Who's your navigation for?
A perfect example of a common navigation problem by xkcd.
Who is your navigation for?
The specific, but diverse populations within a University have caused some horrible navigation choices. Who's your audience? If a University directs their navigation towards your students, the faculty can't find anything. If they direct it towards the faculty, the students can't find anything. That's not even considering other audiences like parents, sports fans, and potential students.
It's not a problem specific to Universities, they just make a great scapegoat. The same problem can be seen in much simpler sites. The audience the site design was targeted to, and the real audience aren't always the same group of people.

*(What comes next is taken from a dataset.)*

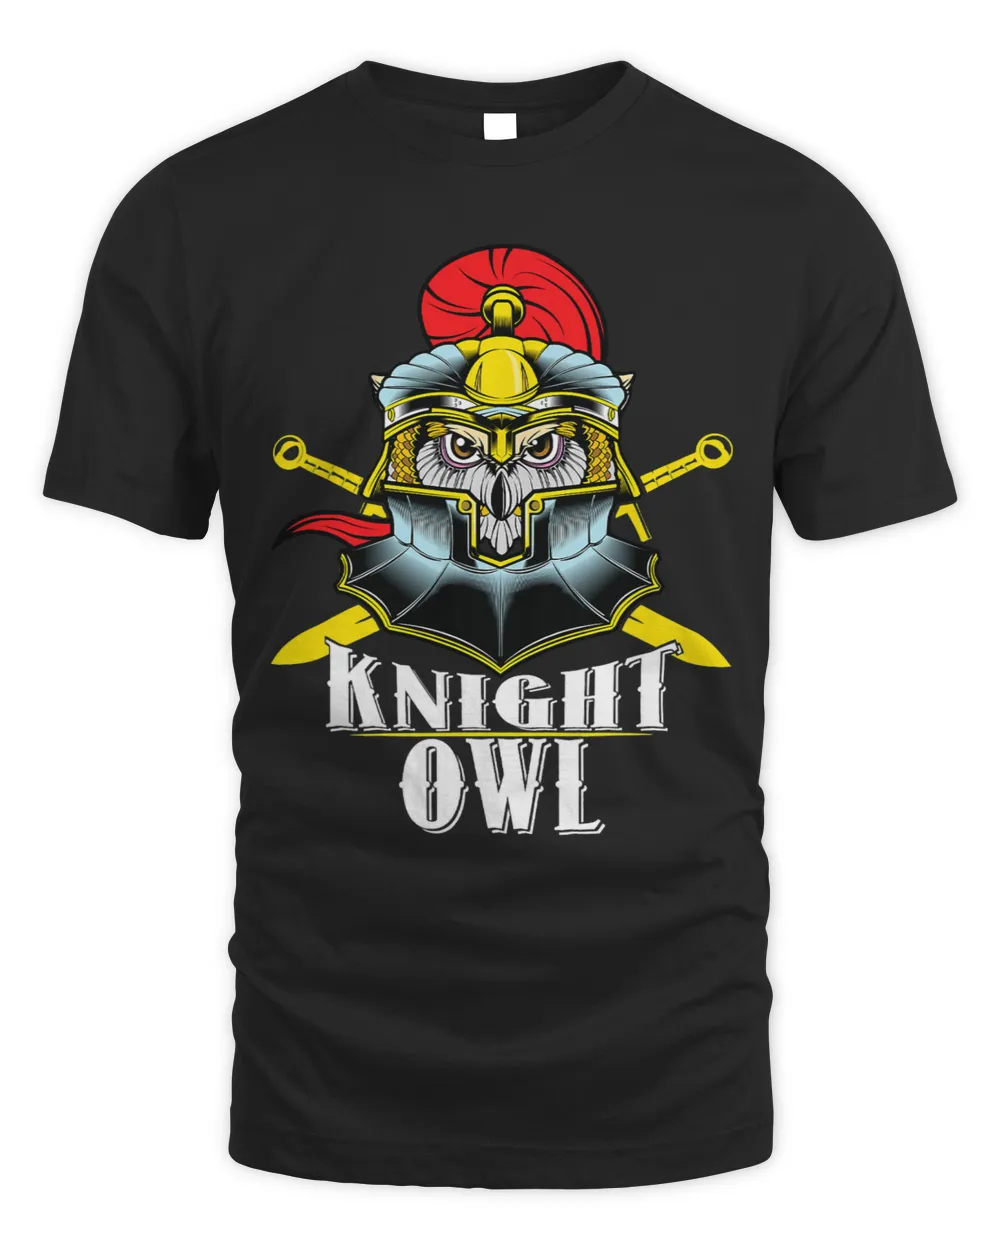 Knight Owl Night Owls Insomniac Medieval Knights

Who was your site designed for? Did you target the right audience? Do you have more than one audience? Are they different enough that it would require compromises be made with aspects of the site like navigation? In the case of Universities, they may even be diverse enough to require different site structure or navigation. State government sites can be the same way. A number of state sites have taken to dividing their home page by audience and giving each audience their own version of the home page. The Delaware state government site is a reasonable example. They use tabs for each primary audience.
It's unlikely that a personal or small business site would need to go to this extreme, but it is very possible that you're not targeting the right audience. Take a moment and pretend to be a member of your primary audience. Look at your site as if you'd never seen it before. Does the organization and navigation make sense? You might like what you see, but you might be surprised too. Good luck.